Installing Invicti Hawk internally

This document is for:
Invicti Standard, Invicti Enterprise On-Premises

Hawk is the infrastructure the Invicti web application security scanner uses to detect Server Side Request Forgery (SSRF) and all other kinds of blind, asynchronous, and second-order vulnerabilities that require data to be sent over out-of-band channels. This guide explains how to host Invicti Hawk infrastructure in your environment.

For more information about Invicti Hawk, refer to How Invicti Hawk Finds Vulnerabilities.

Minimum requirements

These are the minimum requirements for the machines where you install Invicti Hawk:

  • Docker must be installed
  • SSL/TLS certificate ready in .pem format for <DOMAIN_NAME>
  • Recommended RAM: 4 GB
  • Recommended disk: 100 GB (mostly for logging purposes)

How to install Invicti Hawk internally

  1. Ensure you have a Static IP address to allocate to the DNS Server. In these instructions, we will refer to this as <STATIC_IP>.

  1. Register a short DNS Address. In these instructions, we will refer to this as <DOMAIN_NAME> or example.com.

  1. Register ns.<DOMAIN_NAME> and ns2.<DOMAIN_NAME> as Name Servers for <DOMAIN_NAME>.

  1. Point ns.<DOMAIN_NAME> and ns2.<DOMAIN_NAME> to <STATIC_IP>. The Name Server will be hosted inside the Docker Container.

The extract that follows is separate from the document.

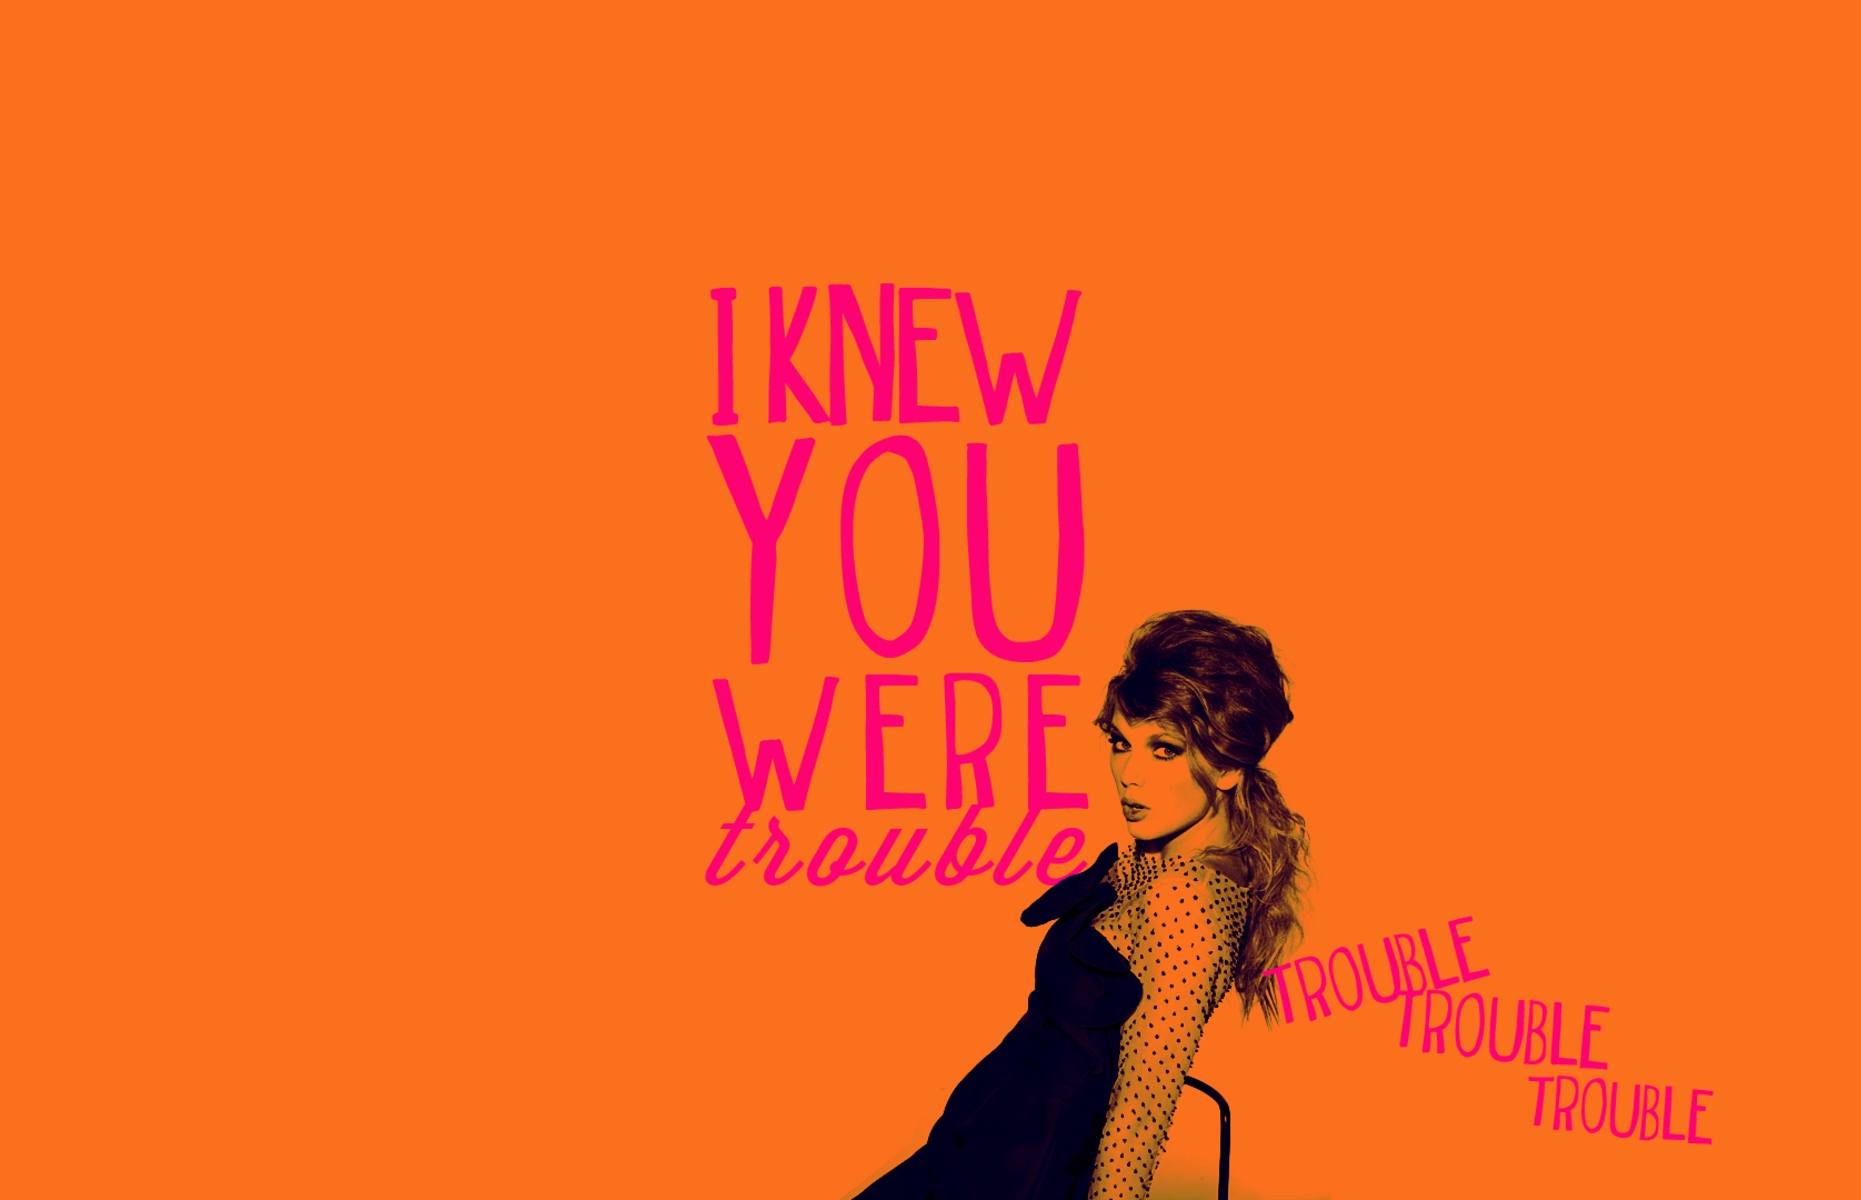 i knew you were trouble trouble trouble

  1. Ensure that the following Hawk ports are reachable and not used by any other process:
  • TCP 80, 53, 443; from everywhere
  • UDP 53; from everywhere

  1. Download the latest compressed Invicti Hawk Docker image file and copy it to a machine with a Docker installation. You can download it from this link: https://s3.amazonaws.com/ns.hawk/netsparkerhawk.tar.gz

  1. Load this image to Docker using the following command:

docker load < netsparkerhawk.tar.gz

  1. Create a container using the following command. Adjust the command by inserting your own domain name (<DOMAIN NAME>) and static IP (<STATIC IP>).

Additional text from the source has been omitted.